ACTIVITY: With the pictures removed, retype the lines from the one holding "Tiffany & Co." through the end of the records, exactly as written.

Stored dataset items
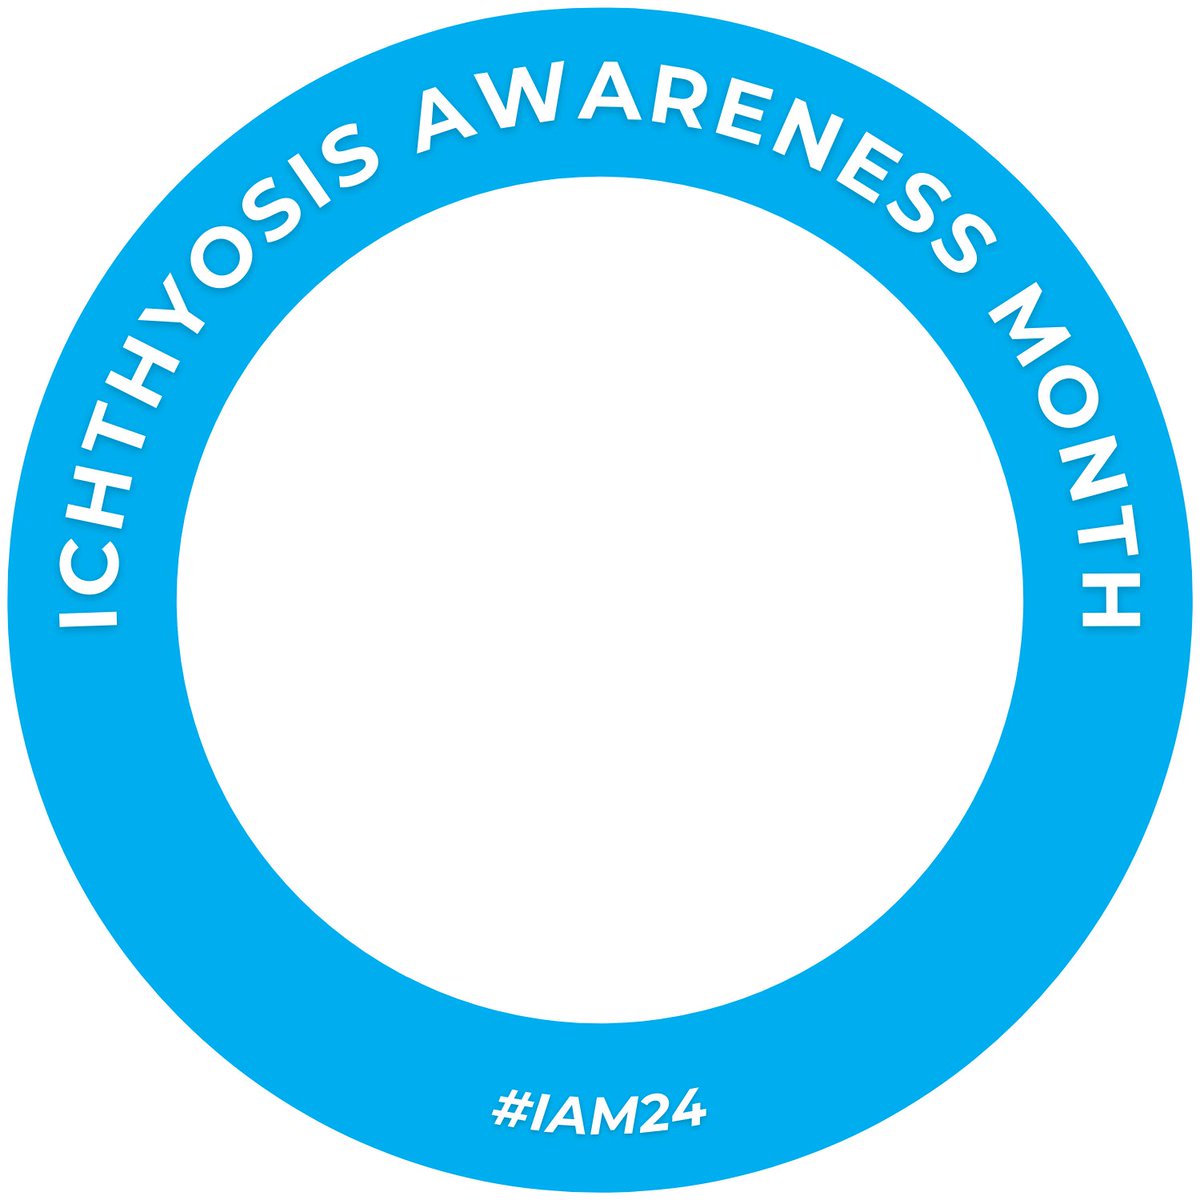 Feel free to use this frame for your profile picture for the month of May! #IAM24 #ichthyosis #raraedisease #SkinDisorder
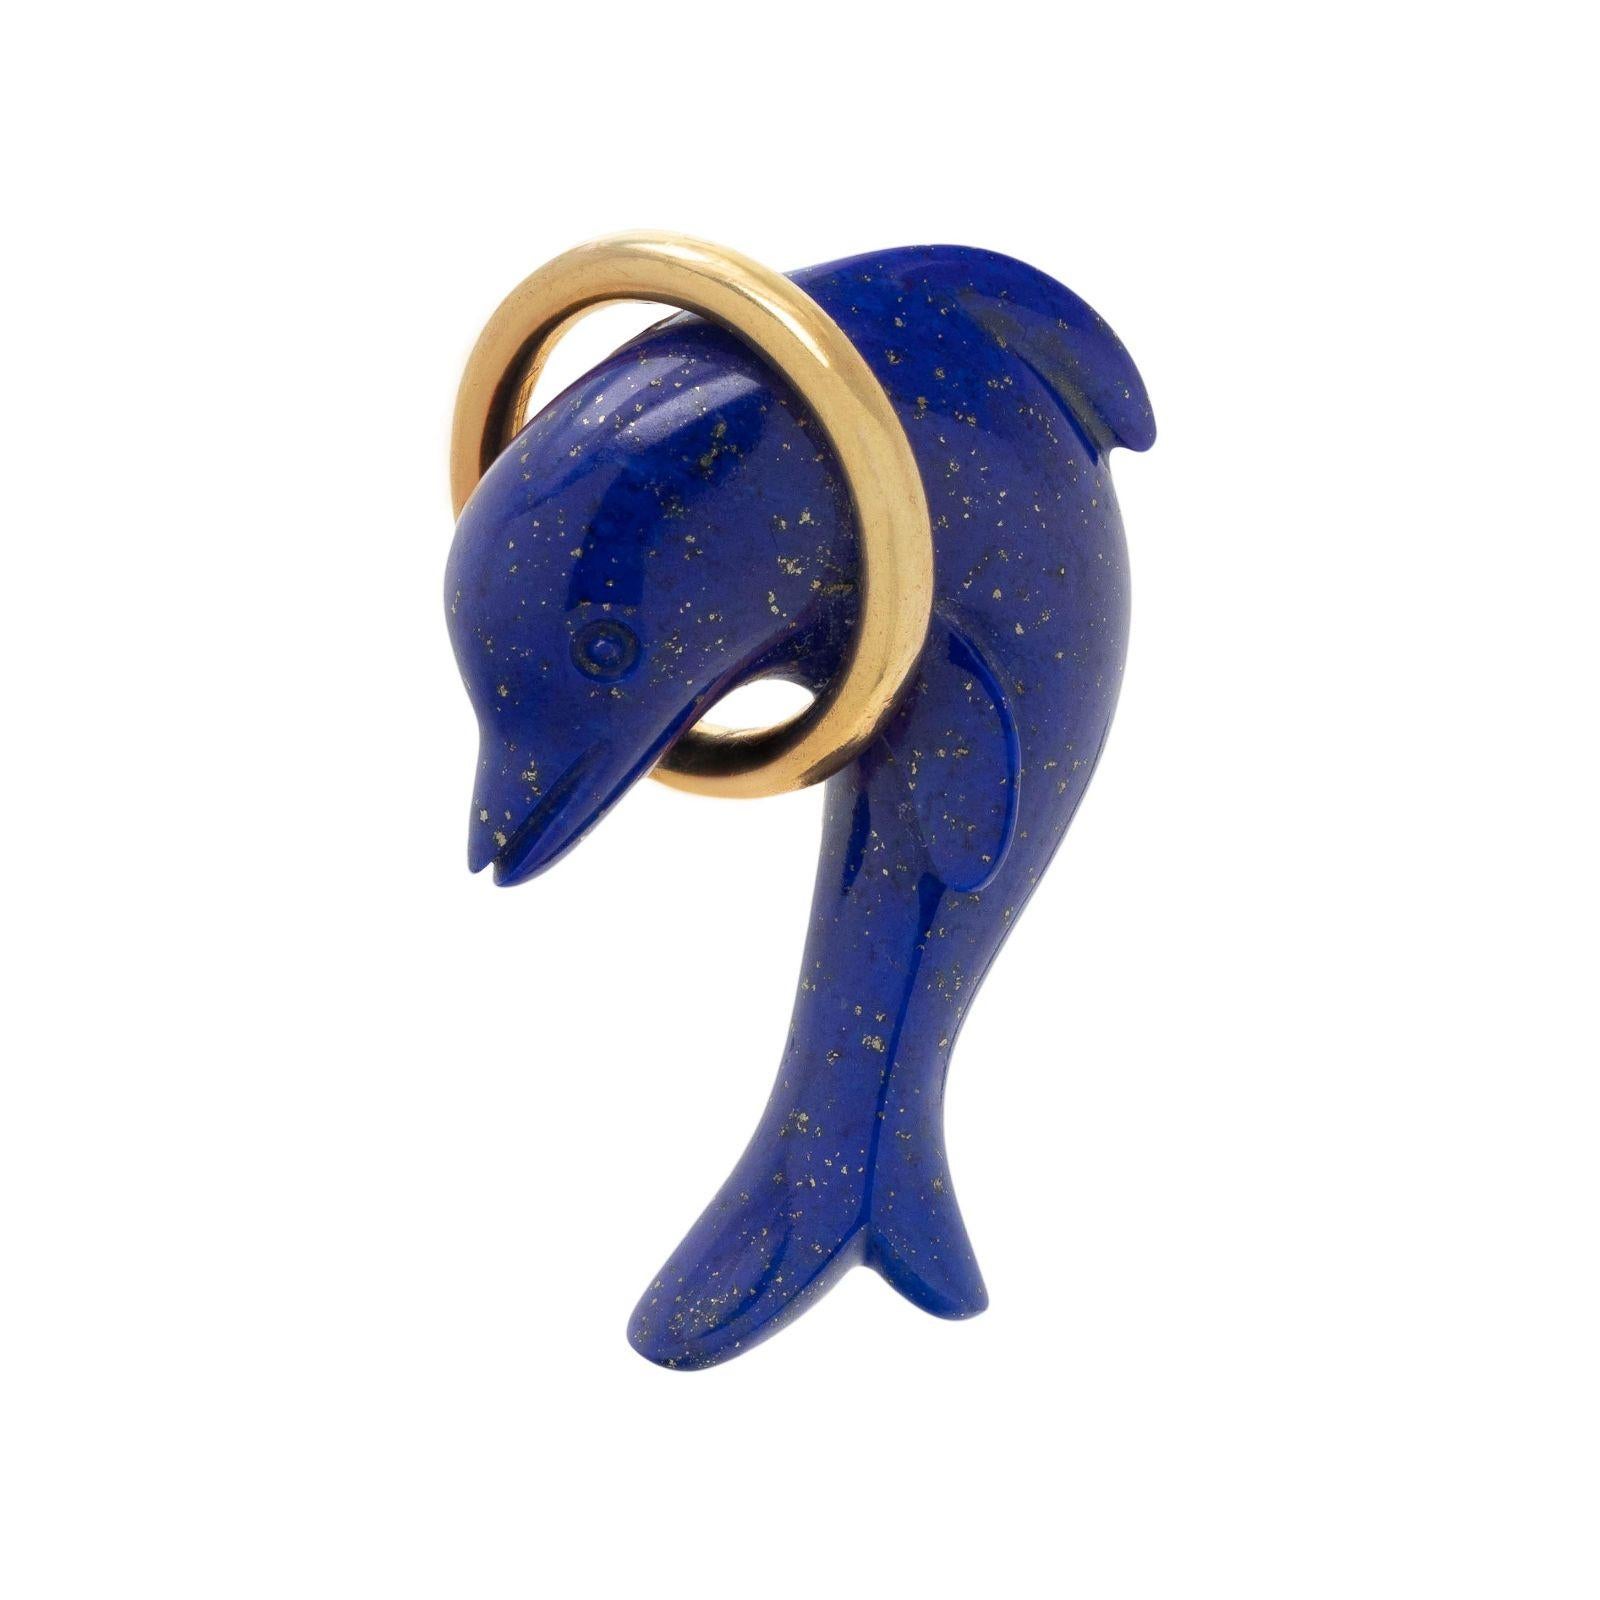 Tiffany & Co. 18k Yellow Gold & Lapis Dolphin Pin Circa 1980s Vintage

Here is your chance to purchase a beautiful and highly collectible designer pin.  Truly a great piece at a great price! 

Details:
1 1/8
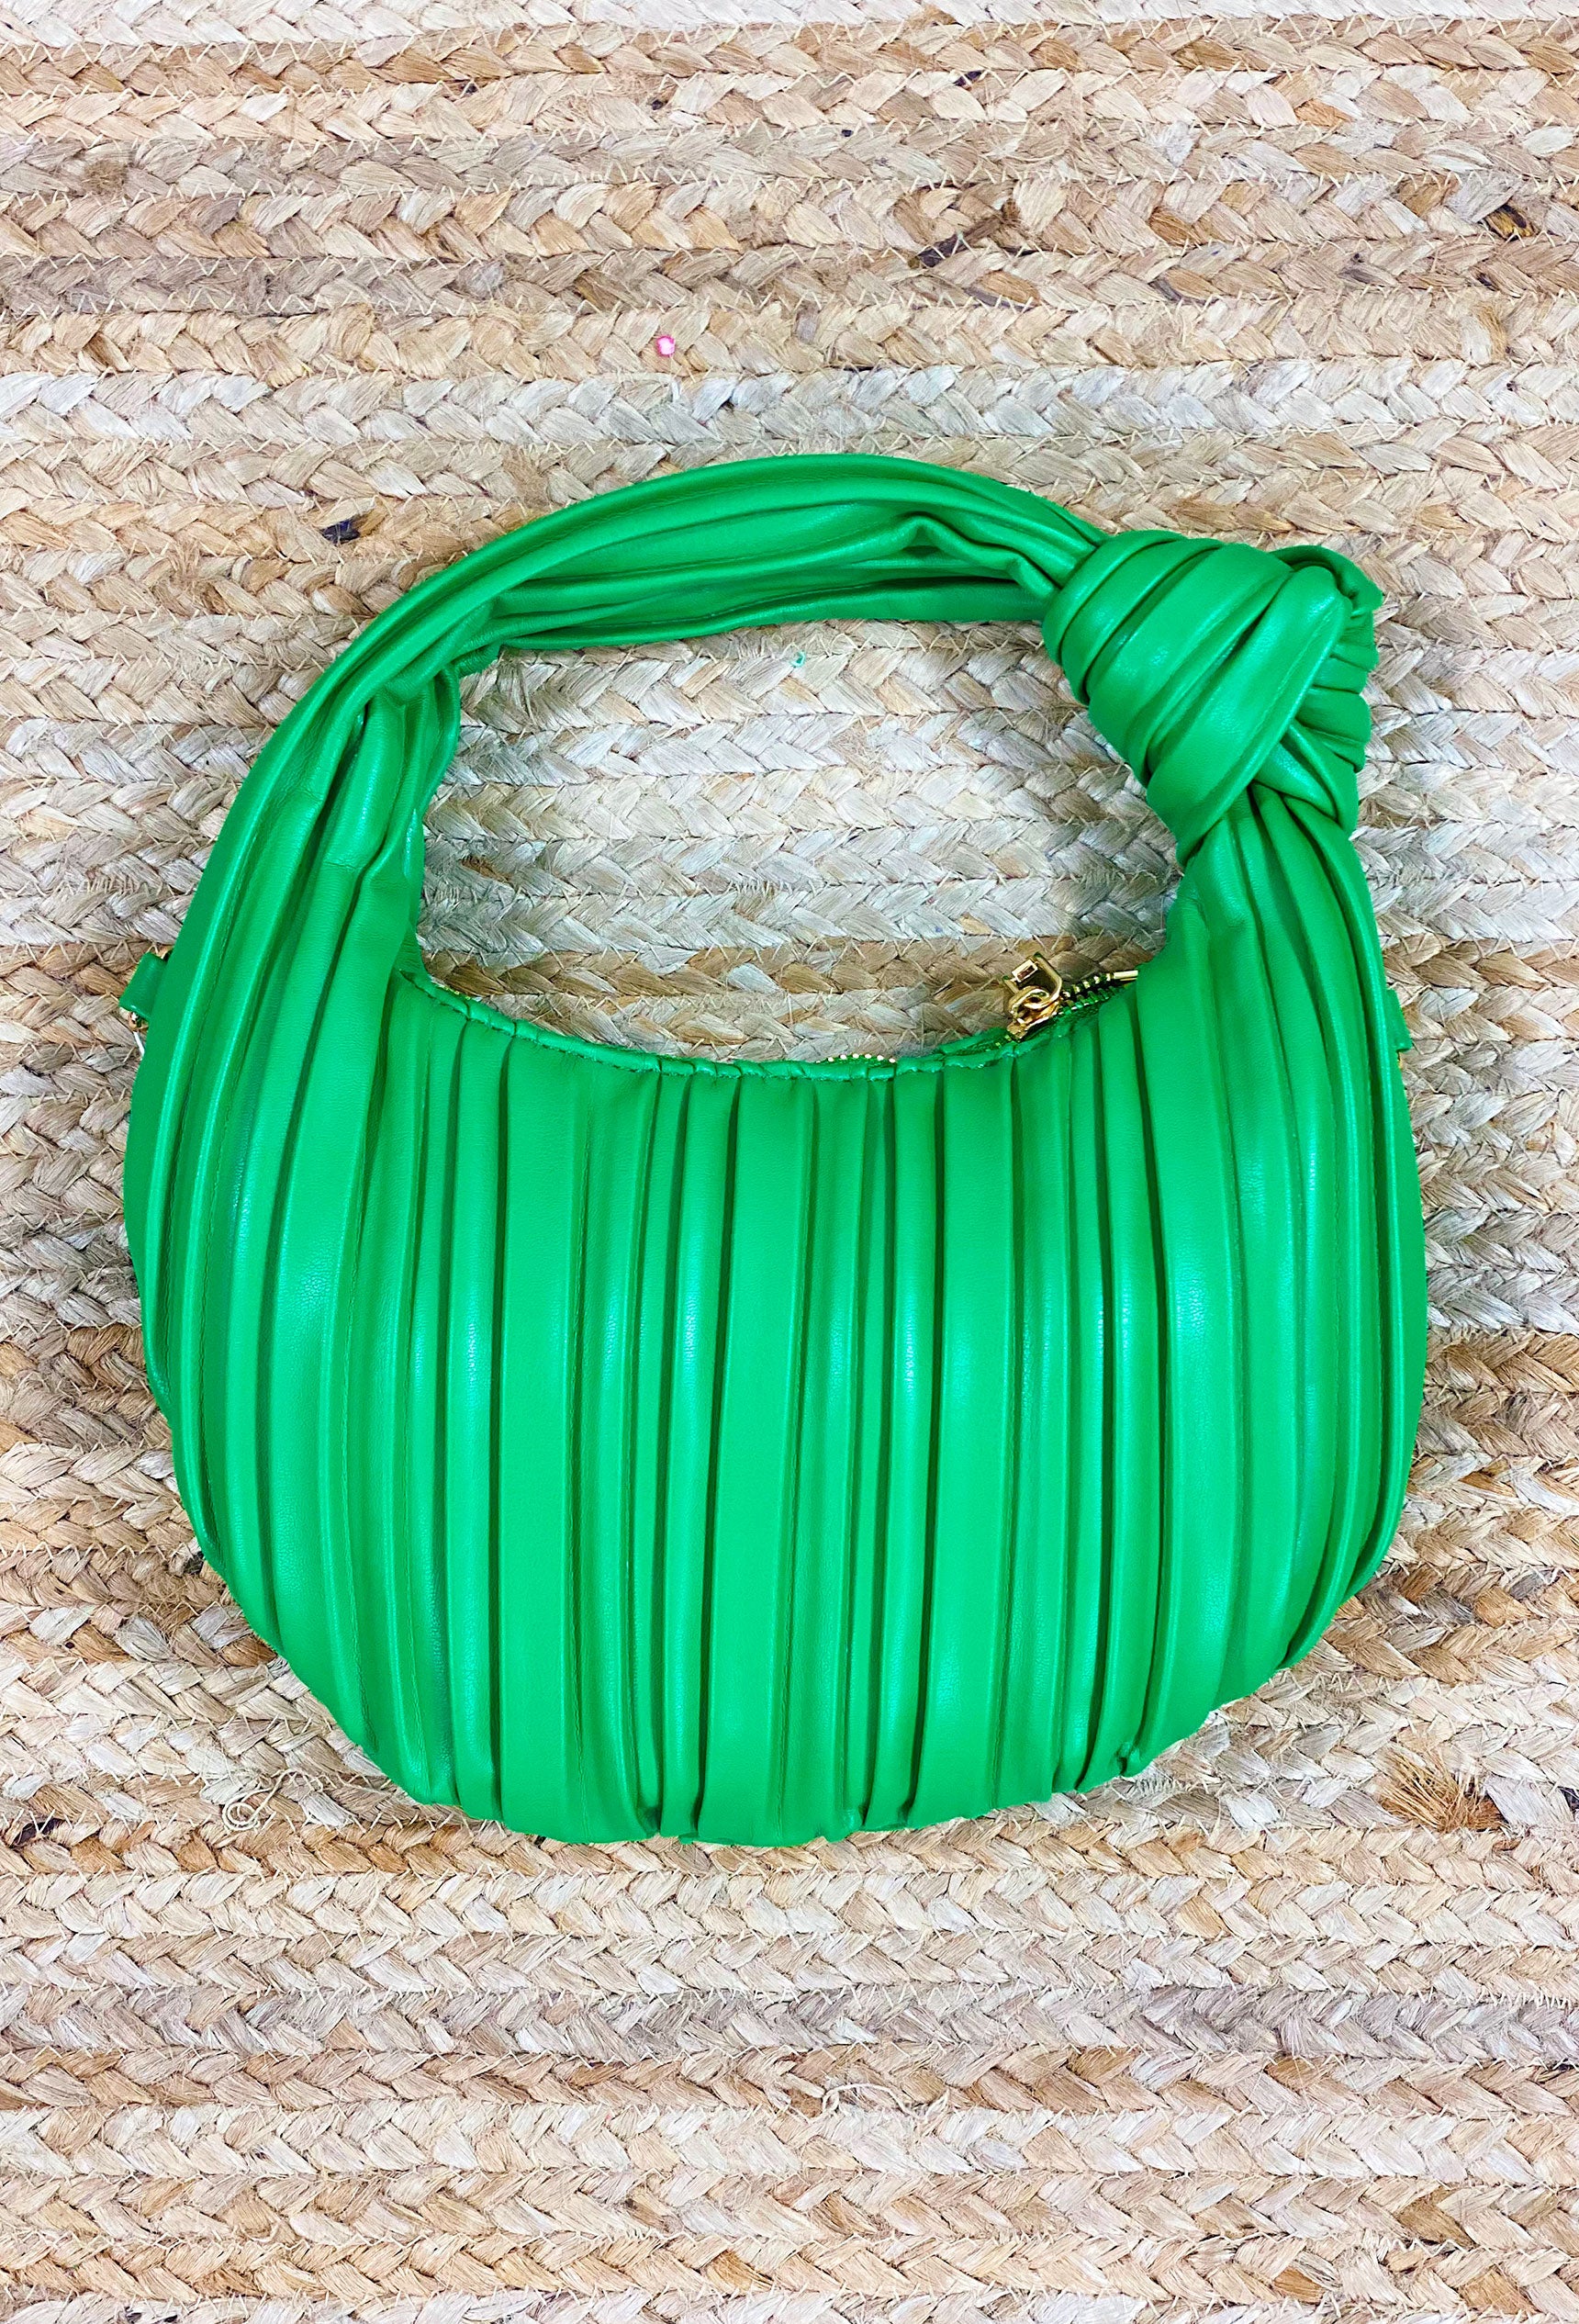 Beyond Words Purse in Green, green tophandle purse with faux knot in handle, zip closure
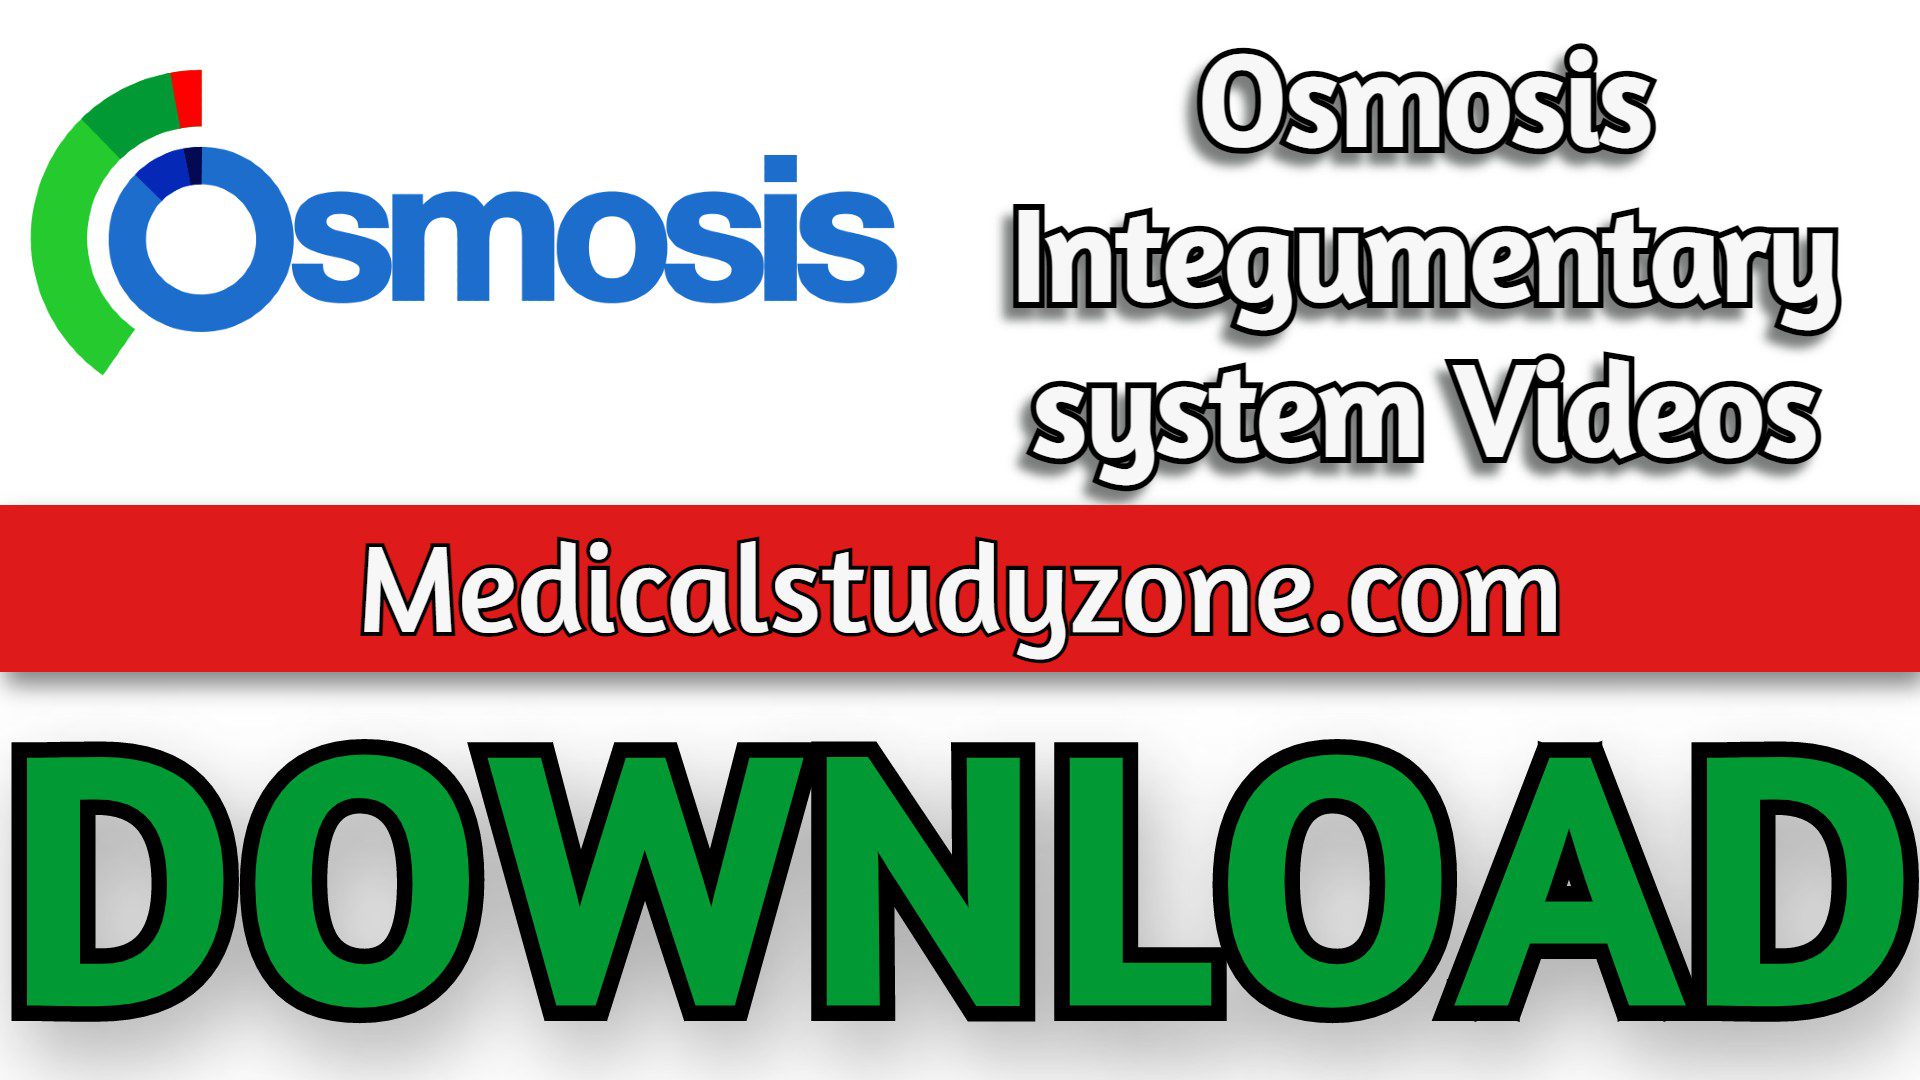 Osmosis Integumentary system Videos 2023 Free Download

RESPONSE TO THE TASK:
 Tiffany & Co. 18k Yellow Gold & Lapis Dolphin Pin Circa 1980s Vintage

Here is your chance to purchase a beautiful and highly collectible designer pin.  Truly a great piece at a great price! 

Details:
1 1/8
 Beyond Words Purse in Green, green tophandle purse with faux knot in handle, zip closure
 Osmosis Integumentary system Videos 2023 Free Download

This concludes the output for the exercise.